* **RECORDS PROVIDED**
◆ ◆ ◆ ◆

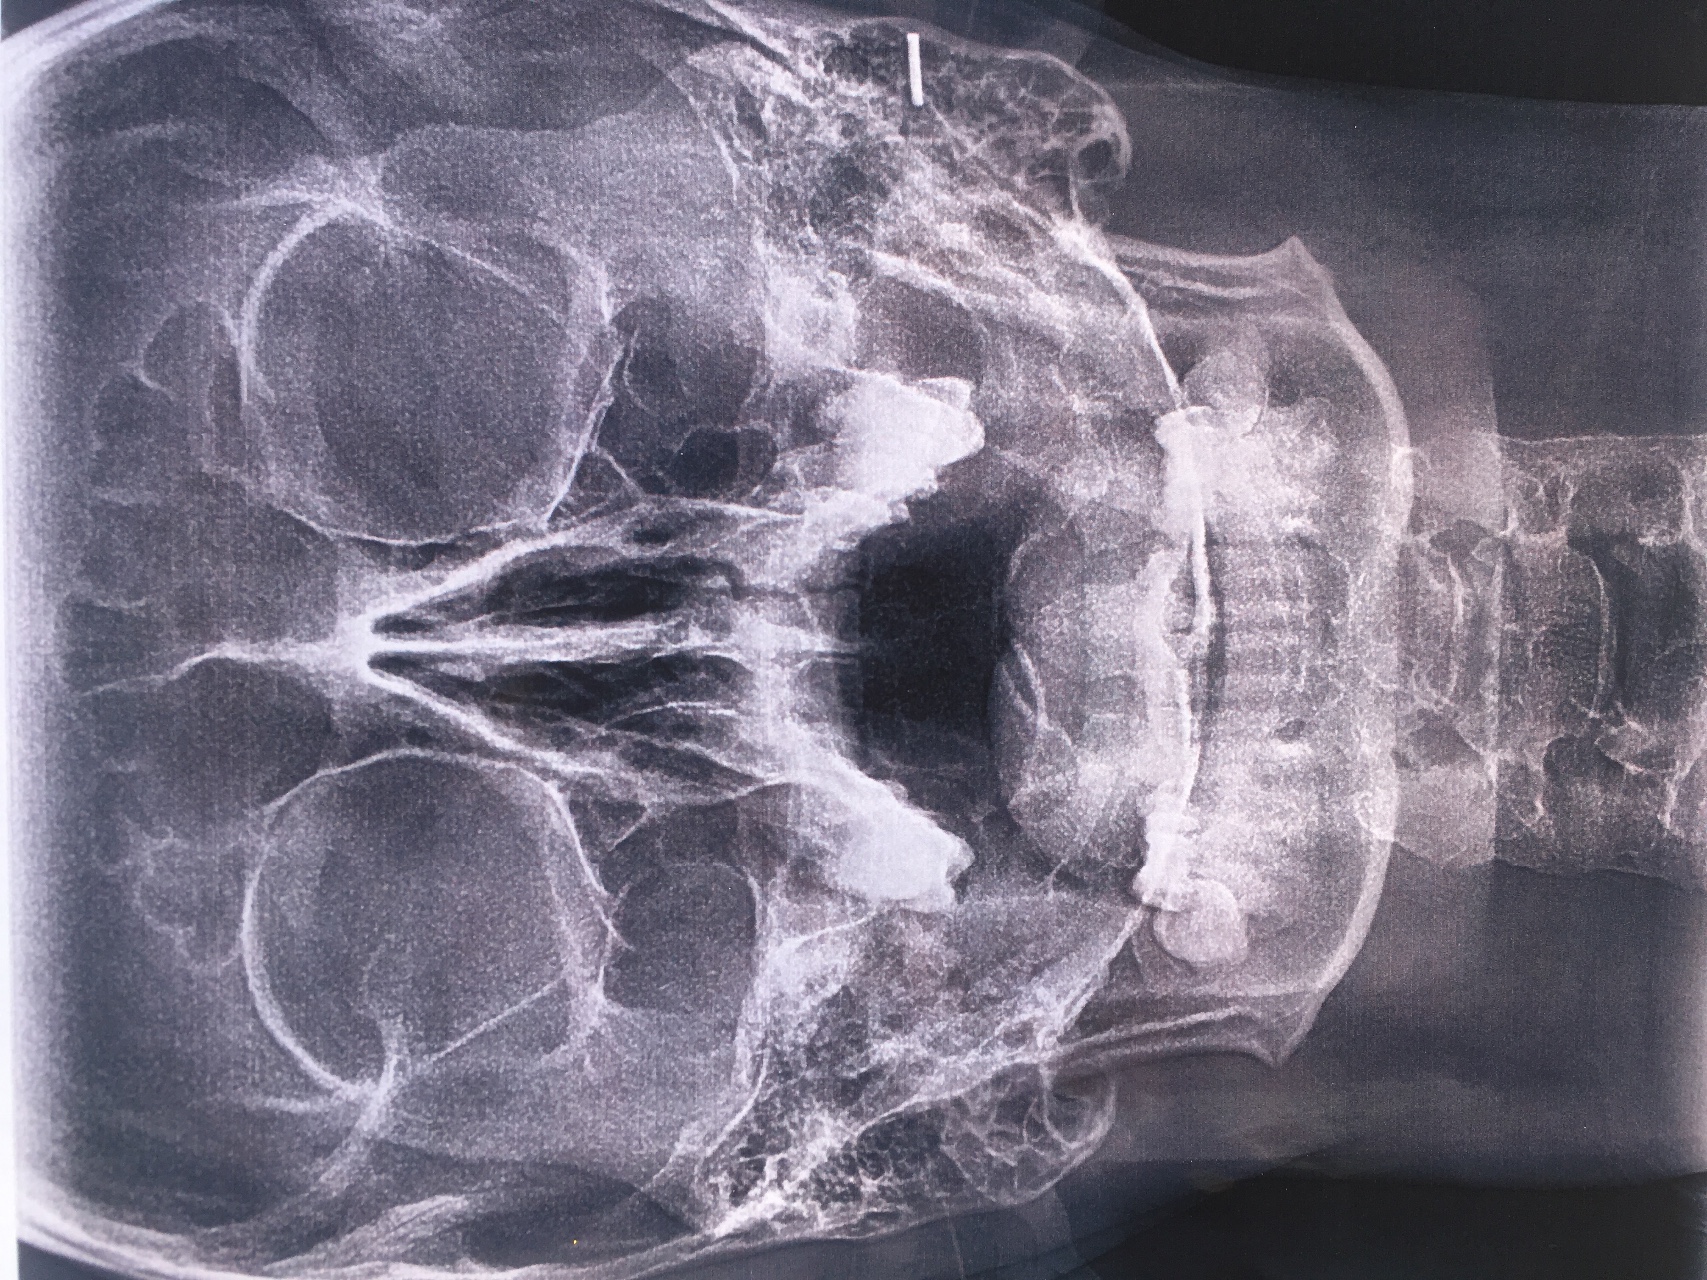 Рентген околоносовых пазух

◆ ◆ ◆ ◆

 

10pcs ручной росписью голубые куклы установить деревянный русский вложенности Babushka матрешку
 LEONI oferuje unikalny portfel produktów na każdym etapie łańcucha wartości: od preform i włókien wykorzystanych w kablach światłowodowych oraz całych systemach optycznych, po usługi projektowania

◆ ◆ ◆ ◆

* **EXERCISE PROMPT**
What you give back should be exactly the lines of the data above from the line with "10pcs ручной росписью" through the line with "LEONI oferuje unikalny", both of those included, and nothing more.

* **ANSWER**
10pcs ручной росписью голубые куклы установить деревянный русский вложенности Babushka матрешку
 LEONI oferuje unikalny portfel produktów na każdym etapie łańcucha wartości: od preform i włókien wykorzystanych w kablach światłowodowych oraz całych systemach optycznych, po usługi projektowania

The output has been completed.